All that is needed is the lines from the one containing "El líder norcoreano" through the end of the listing, printed exactly, with no pictures among them.
Material provided Block Start
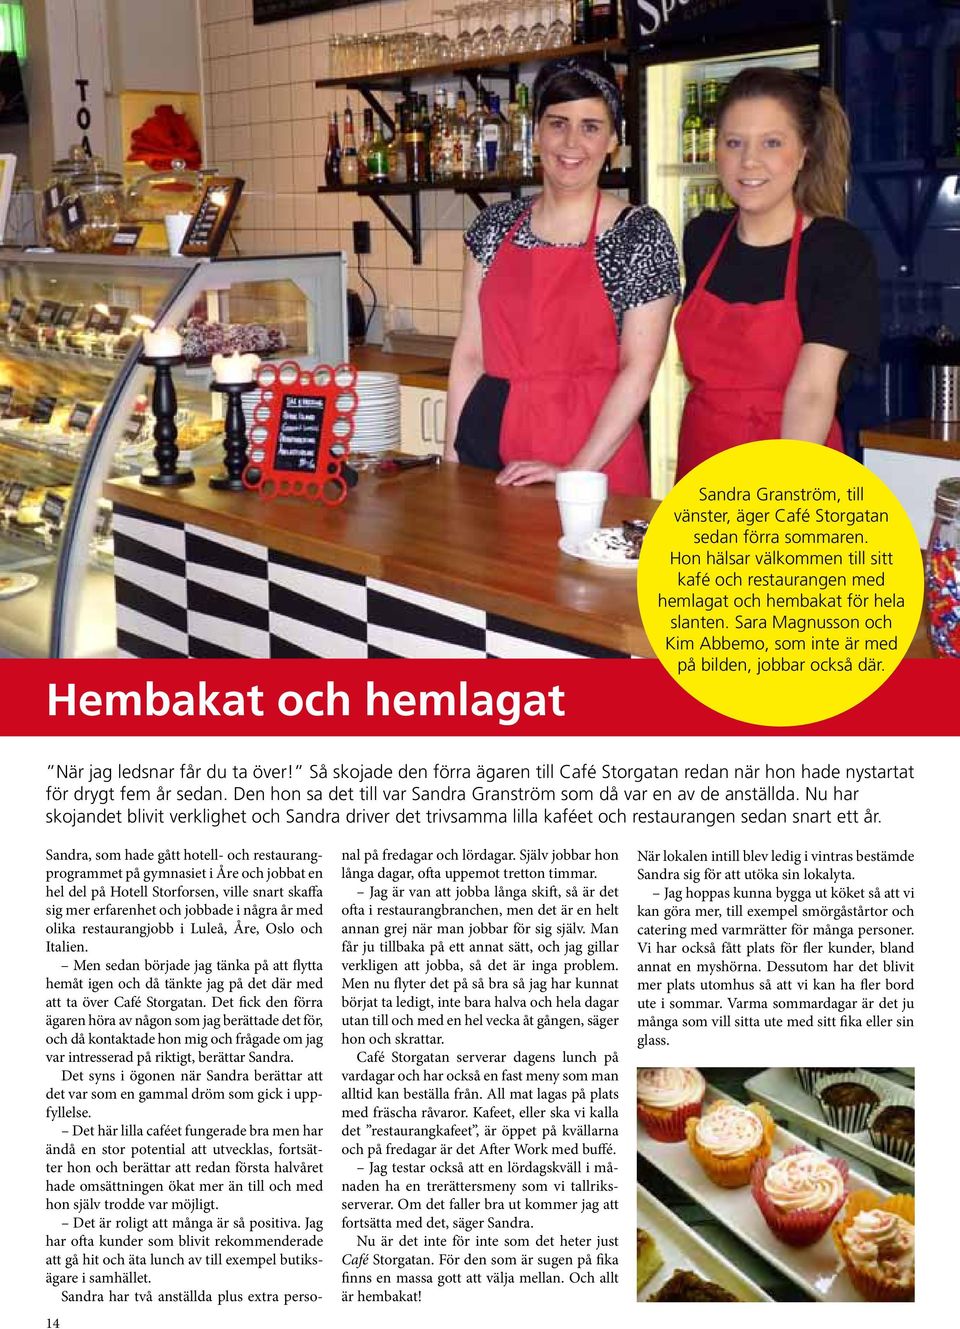 Så skojade den förra ägaren till Café Storgatan redan när hon hade nystartat för drygt fem år sedan. Den hon sa det till var Sandra Granström som då var en av de anställda.
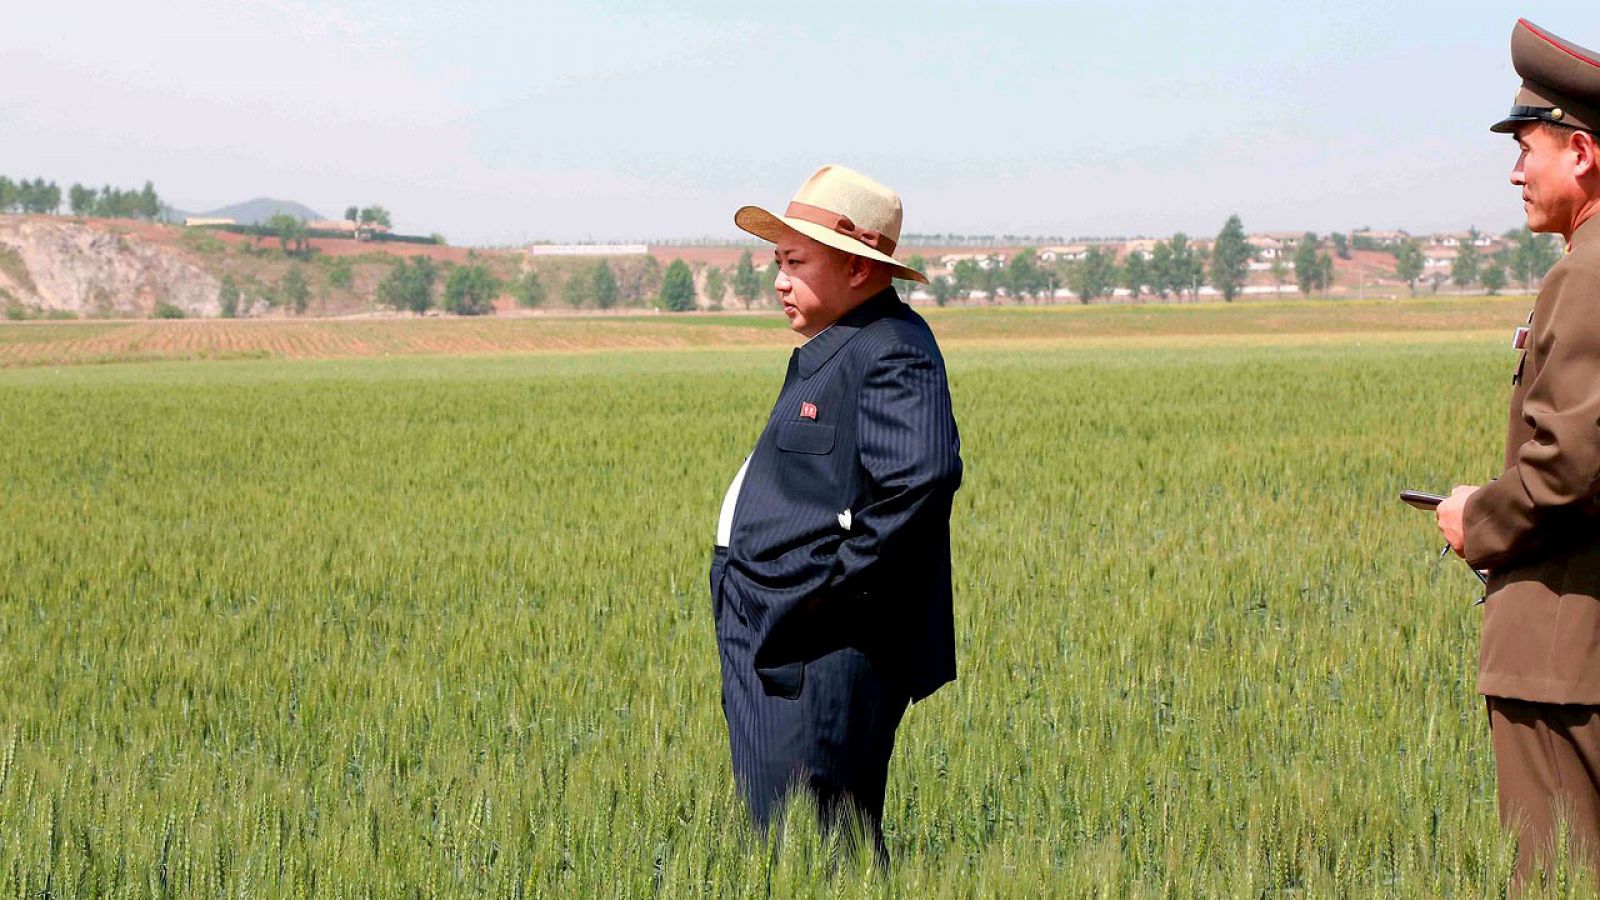 El líder norcoreano Kim Jong-Un visita una granja en una imagen de archivo.
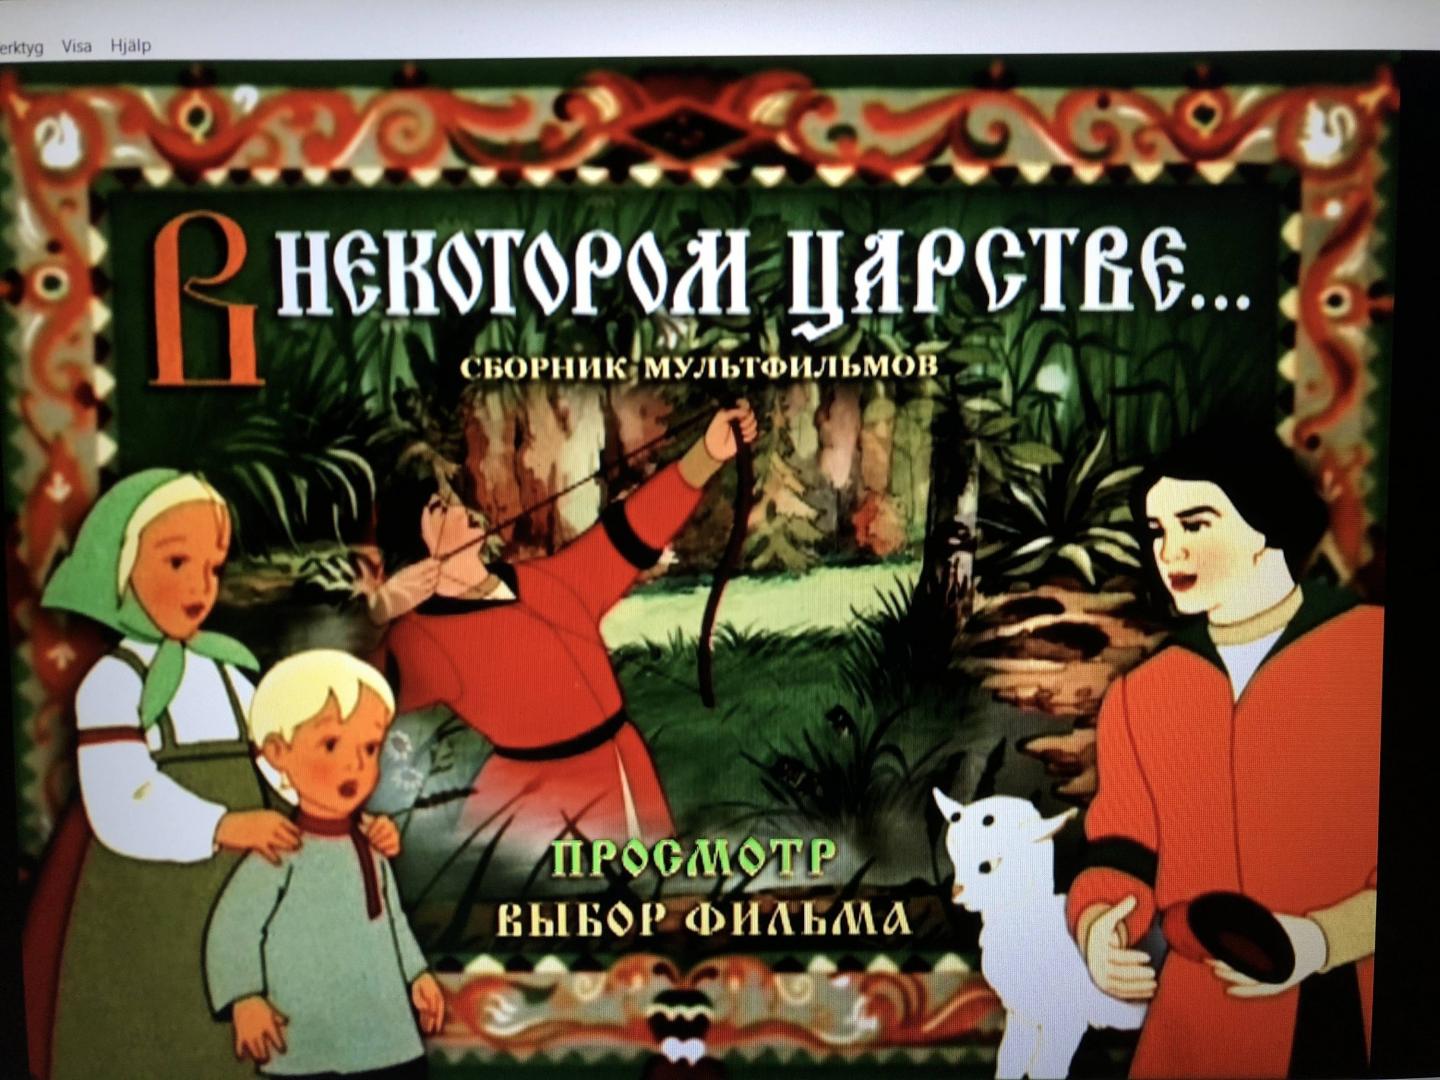 Включи сказки самому включать. Русские сказки 1 4 DVD Лабиринт. Сказки русских писателей DVD твйк.
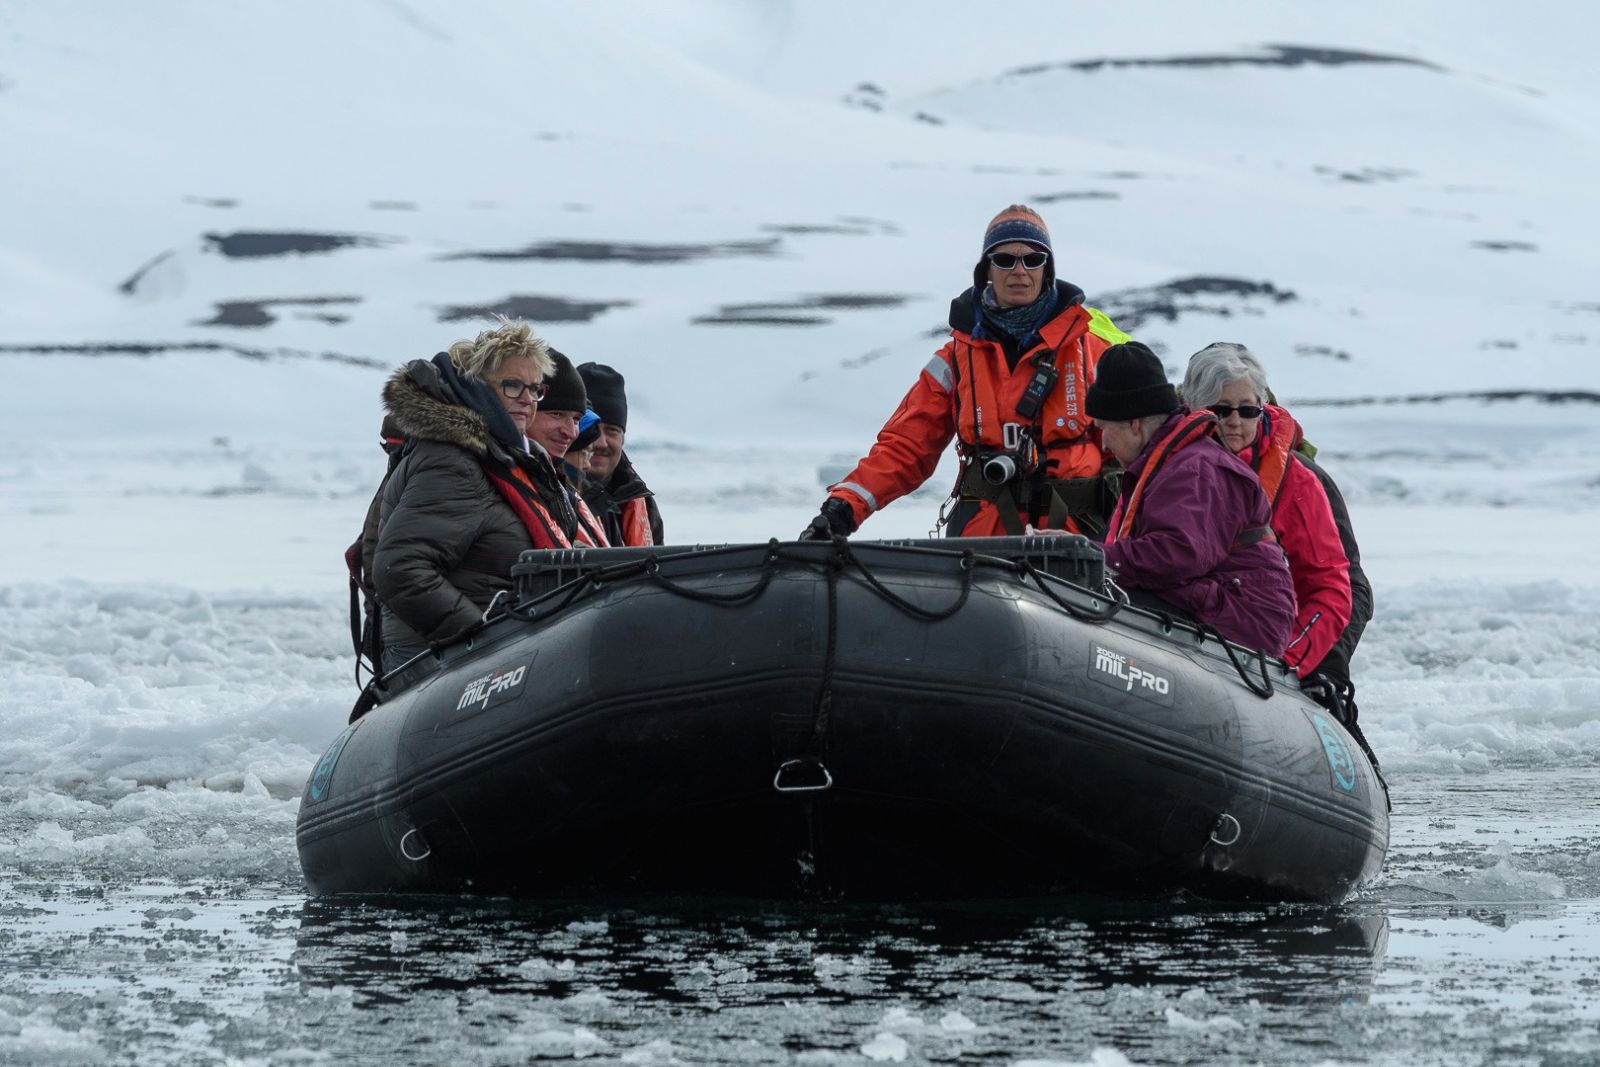 Expeditionsguide Sandra steuert das Zodiac sicher durch das Eis
Material provided Block End
(Solution for this task):
 El líder norcoreano Kim Jong-Un visita una granja en una imagen de archivo.
 Включи сказки самому включать. Русские сказки 1 4 DVD Лабиринт. Сказки русских писателей DVD твйк.
 Expeditionsguide Sandra steuert das Zodiac sicher durch das Eis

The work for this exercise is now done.